[fix] Unexpected high CPU use with 1s interval job
brenc opened this issue · comments
Describe the bug
Node.js version: v16.17.0
OS version: Docker node:16-bullseye-slim
Description: Just started using Bree to schedule some jobs inside a Docker container. Today I was working on a job that runs every 1s. I noticed that the job runner was using unusually high CPU for a very simple job. If I run my job in a while loop with a 1s sleep, it uses barely any CPU. If I run it using Bree, the job runner will consistently use 20-40% CPU.
Actual behavior
High CPU use.
Expected behavior
Much lower CPU use.
Code to reproduce
Here's the entire job runner:
const Bree = require('bree');
const Graceful = require('@ladjs/graceful');
const logger = require('./logger'); // this is just winston going to console
const bree = new Bree({
jobs: [
{
name: 'aggregate-icecast-status',
interval: '1s',
},
],
logger,
});
const graceful = new Graceful({ brees: [bree] });
graceful.listen();
(async () => {
logger.error('starting...');
await bree.start();
})();
Here's the job:
const { forEach } = require('modern-async');
const dns = require('dns').promises;
const fetch = require('node-fetch');
const Redis = require('ioredis');
const logger = require('../logger').child({
extraInfo: 'aggregate-icecast-status',
});
const redis = new Redis({
host: 'redis',
keyPrefix: 'ngradio:status:',
});
const resolver = new dns.Resolver();
async function main() {
logger.debug('aggregating icecast status');
let addresses;
try {
addresses = await resolver.resolve4('icecast');
} catch (err) {
logger.warn(`error resolving Icecast hosts: ${err.message}`);
return;
}
logger.debug('Icecast addresses: %o', addresses);
let totalListeners = 0;
let listenersPerHost = new Map();
let listenerPeaksPerHost = new Map();
let title;
await forEach(addresses, async (address) => {
logger.debug(`fetching status from ${address}`);
let data;
let response;
try {
response = await fetch(`http://${address}:8000/status-json.xsl`);
data = await response.json();
// logger.debug('%o', data);
} catch (err) {
logger.warn(`erroring collecting status from ${address}: ${err.message}`);
return;
}
const listeners = parseInt(data?.mounts?.['/radio.mp3']?.listeners, 10);
const listenerPeak = parseInt(
data?.mounts?.['/radio.mp3']?.listener_peak,
10
);
if (!title) {
title = data?.mounts?.['/radio.mp3']?.title;
}
if (isNaN(listeners)) {
logger.warn(`error parsing response from ${address}: listeners was NaN`);
} else {
totalListeners += listeners;
listenersPerHost.set(address, listeners);
}
if (isNaN(listenerPeak)) {
logger.warn(
`error parsing response from ${address}: listener peak was NaN`
);
} else {
listenerPeaksPerHost.set(address, listenerPeak);
}
});
await redis.del('listenerPeaksPerHost');
await redis.del('listenersPerHost');
await redis.hset('listenerPeaksPerHost', listenerPeaksPerHost);
await redis.hset('listenersPerHost', listenersPerHost);
await redis.set('totalListeners', totalListeners, 'EX', 5);
await redis.set('title', title, 'EX', 5);
logger.debug(
'Total listeners: %d, Listener peaks: %o, Listeners per host: %o, ' +
'title: "%s"',
totalListeners,
listenerPeaksPerHost,
listenersPerHost,
title
);
await redis.quit();
}
(async () => {
await main();
})();
Checklist
- I have searched through GitHub issues for similar issues.

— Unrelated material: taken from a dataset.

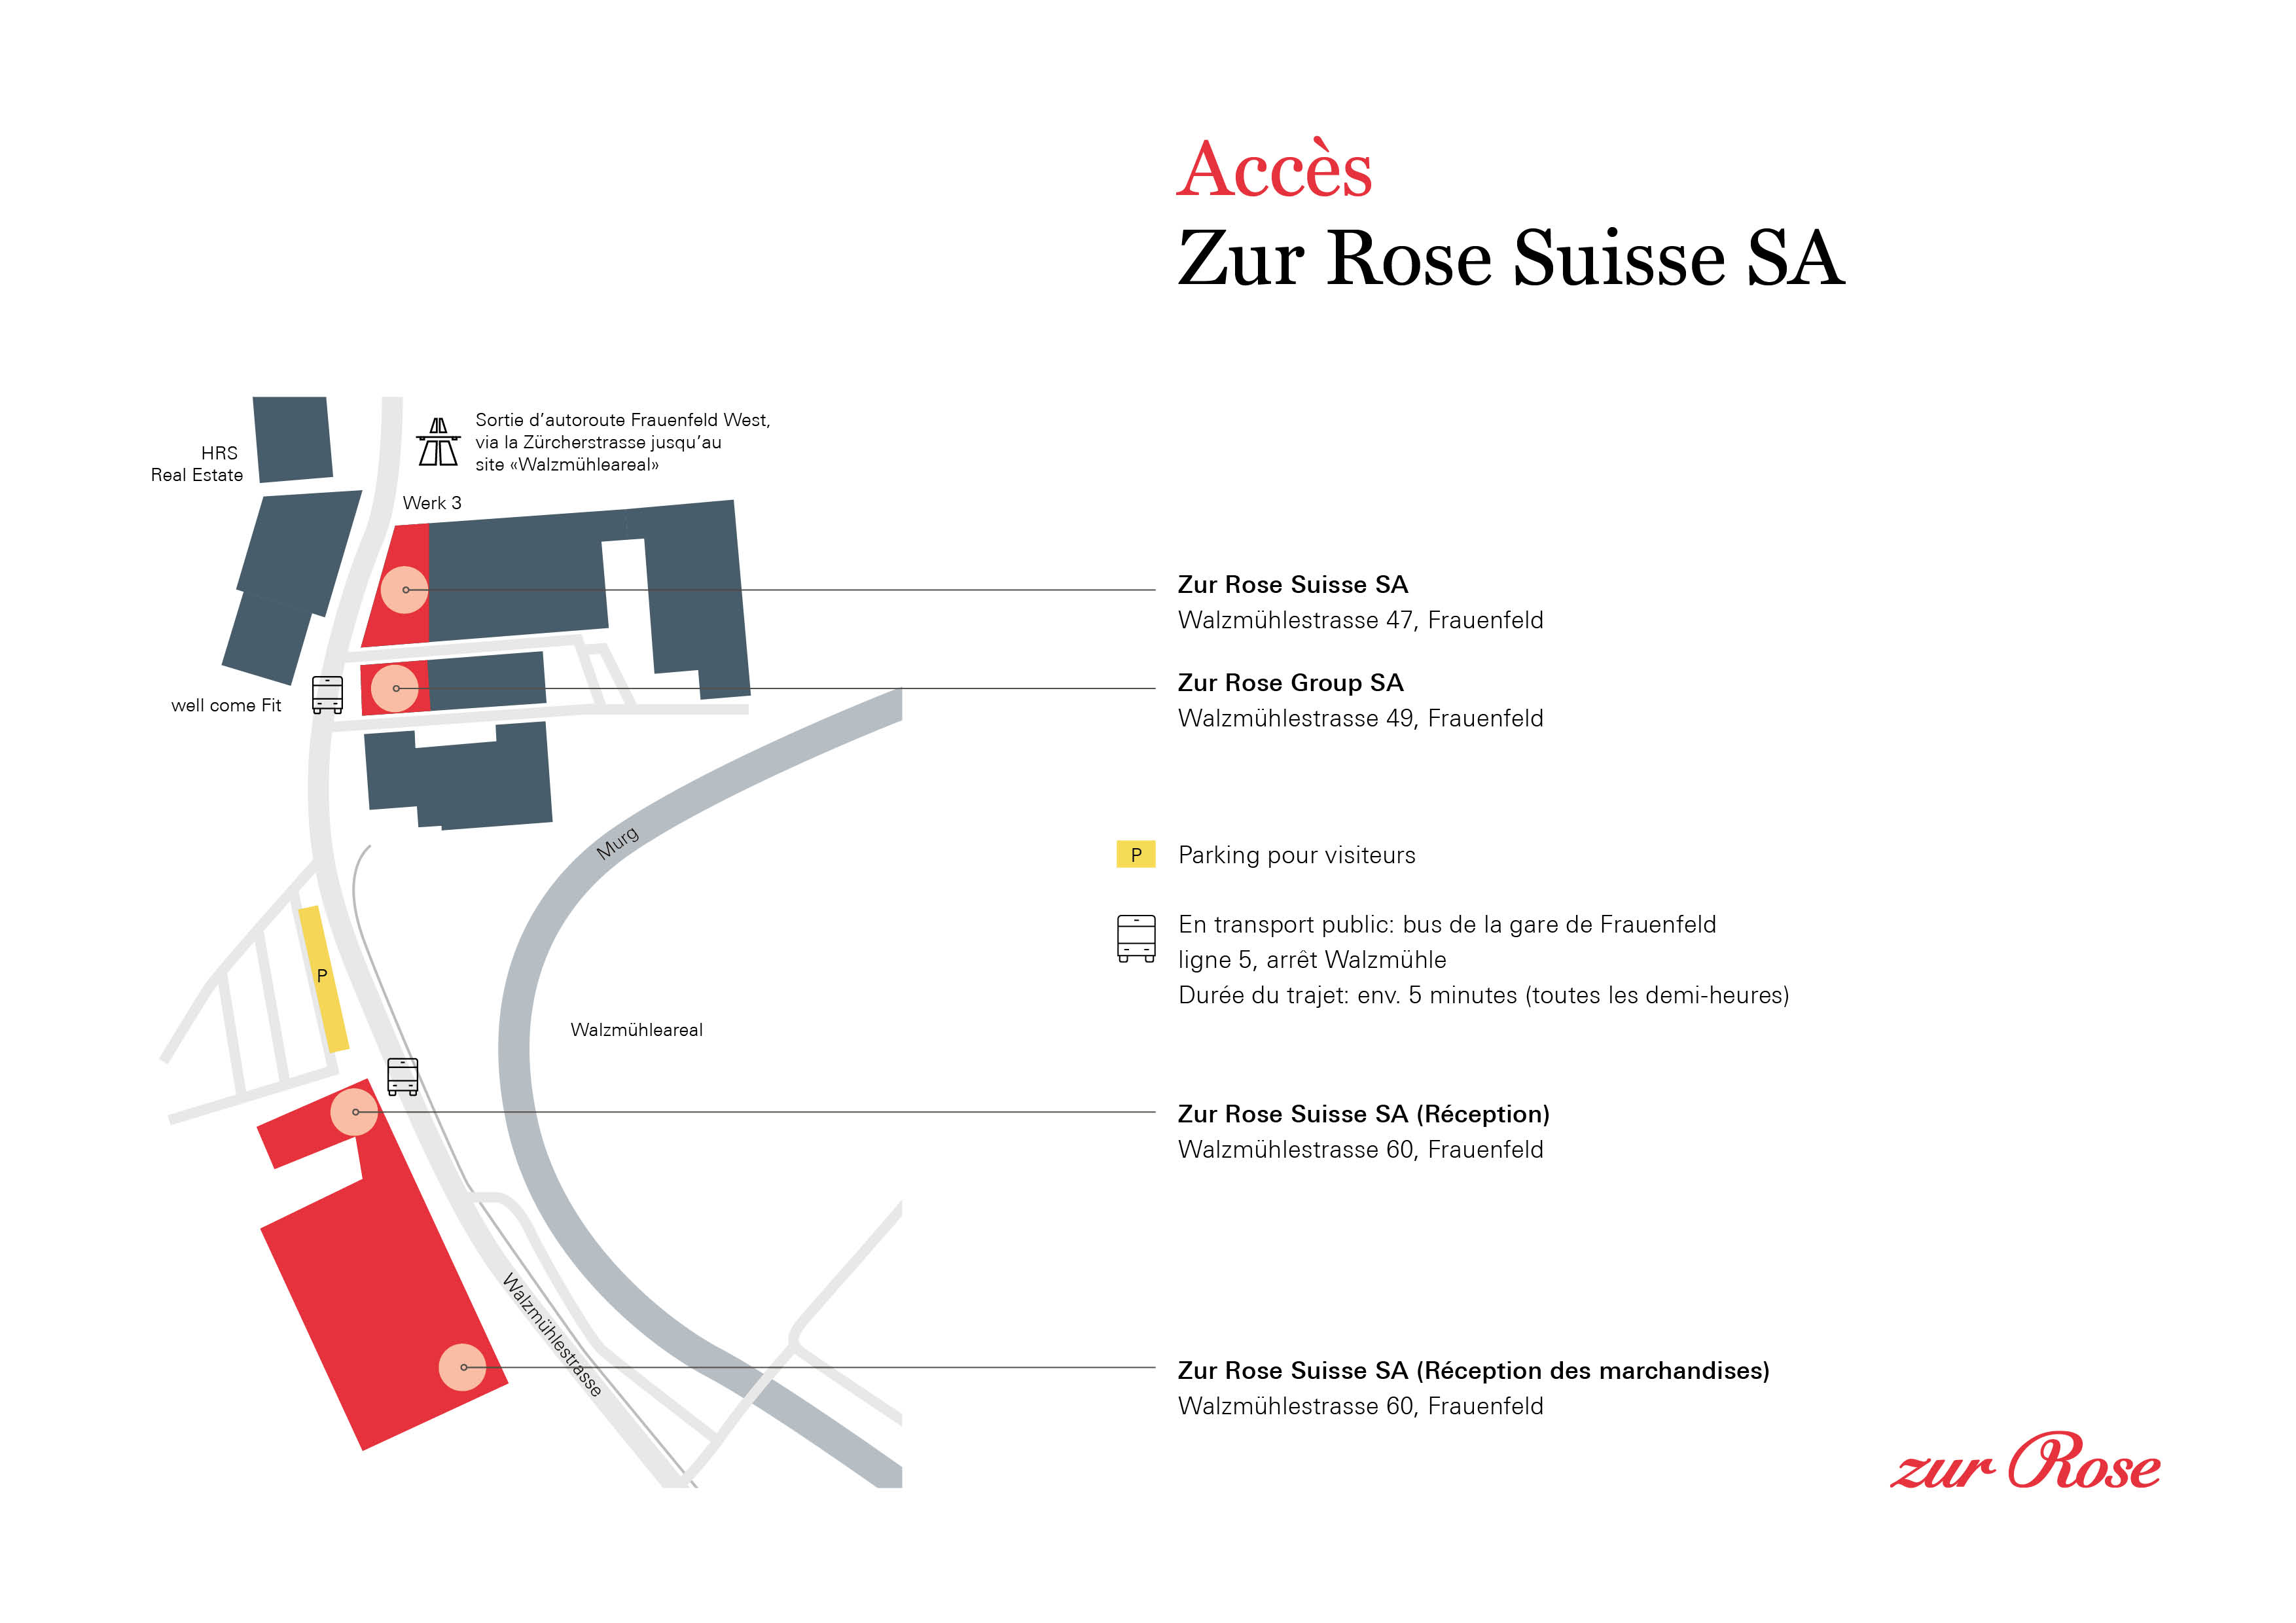 Accès Zur Rose Suisse AG

- I have completely read through the README and documentation.
- I have tested my code with the latest version of Node.js and this package and confirmed it is still not working.

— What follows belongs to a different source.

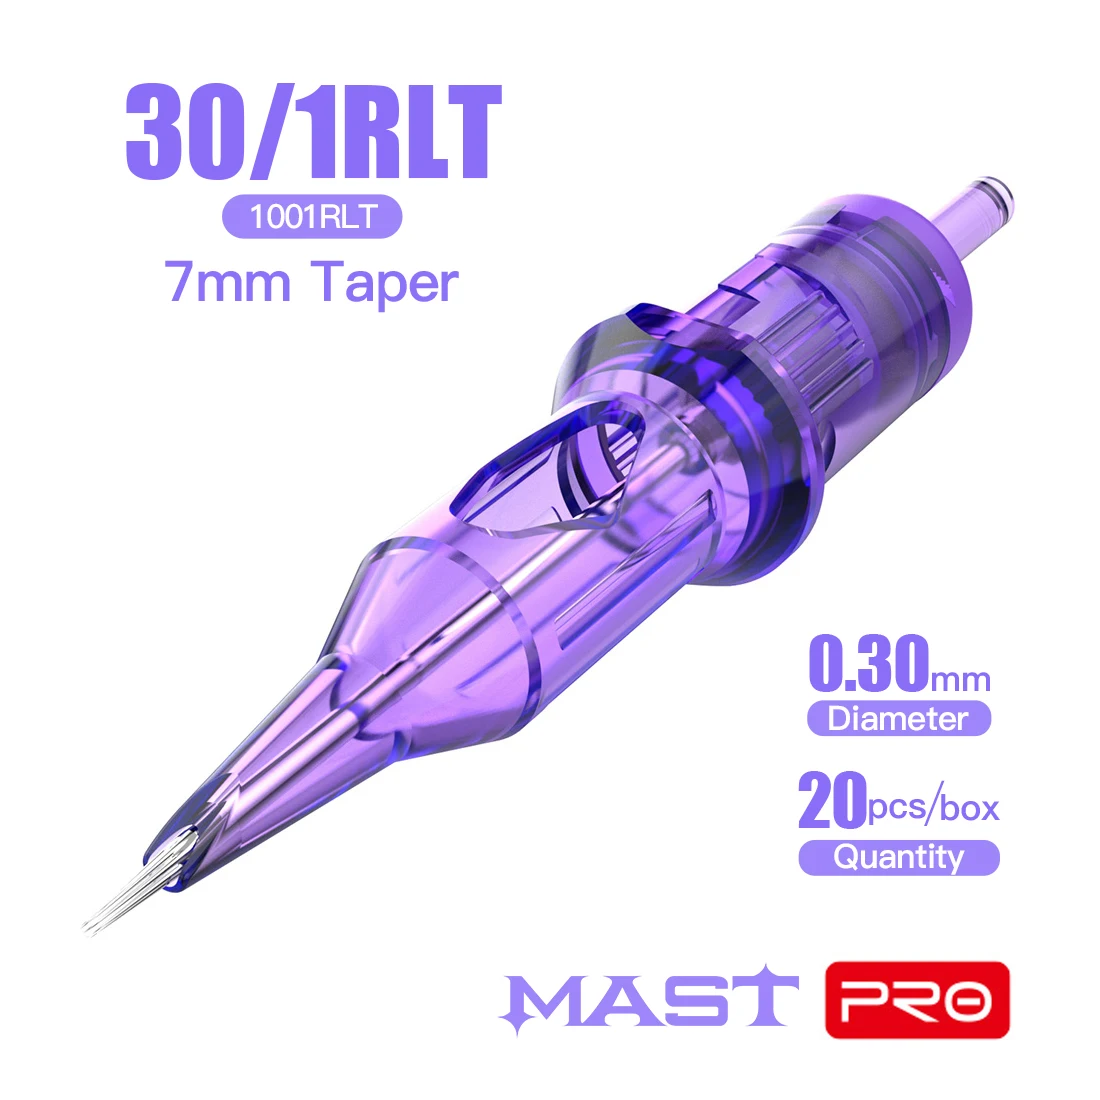 Mast Tattoo PRO RLT 08/10/12 Taper 7mm Sterilized Tattoo Cartridge Needles Supply Makeup Permanent Round Liner 0.35/0.30/0.25mm

I'm seeing a similar issue running inside k8s, but it doesn't matter on the interval - I get an extremely high cpu usage spike every time it runs. I could just be doing something stupid in the jobs but I figured you'd be able to spot that quickly if so.

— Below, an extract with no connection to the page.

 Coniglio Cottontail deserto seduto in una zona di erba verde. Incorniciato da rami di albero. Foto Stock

Job(s) initialized here: https://github.com/idaholab/Deep-Lynx/blob/master/src/main.ts#L33
Job(s) in question: https://github.com/idaholab/Deep-Lynx/blob/master/src/jobs/data_staging_emitter.ts , https://github.com/idaholab/Deep-Lynx/blob/master/src/jobs/edge_queue_emitter.ts
I've noticed this too even with 5s interval jobs. Bree spikes to > 100% CPU on each run (running the job manually doesn't do this).
Would one of you be willing to give us a basic repo that reproduces this with the Dockerfile in it? We haven't seen this on our servers and it doesn't seem to happen on my local setup even when running in Docker.
Sure, I'll try to whip something up this week.
https://github.com/brenc/bree-issue-201-demo
I set up a simple job that only connects to redis and prints to the console. This causes bree to consistently use 10-20% CPU. Let me know if you need anything else.
Thanks for putting this together. Since the job is running so frequently, the cpu usage will consistently be relatively high since every second you will incur the resource usage of building a new worker. One thing to keep in mind, specifically with Docker, is that the cpu's are limited by docker itself, so depending on your settings that could be 18-38% of one core.
I would suggest for tasks like these to define a long running job and use something like p-queue to run the task on an interval.
There might be a better way for us to handle this in Bree using a worker pool, but I will have to think on it some more.
That seems reasonable. A loop with a sleep would probably suffice as well. Thanks!
I'll keep this open in case you want to do anything more with it.
Yes, this is a code structure problem. You should be using something like p-queue
and definitely not spawning a new worker thread every 1s
. You should spawn a long running worker that then runs setInterval
or something else in serial once high intense CPU operations are complete. See https://github.com/sindresorhus/promise-fun for more packages like p-queue
.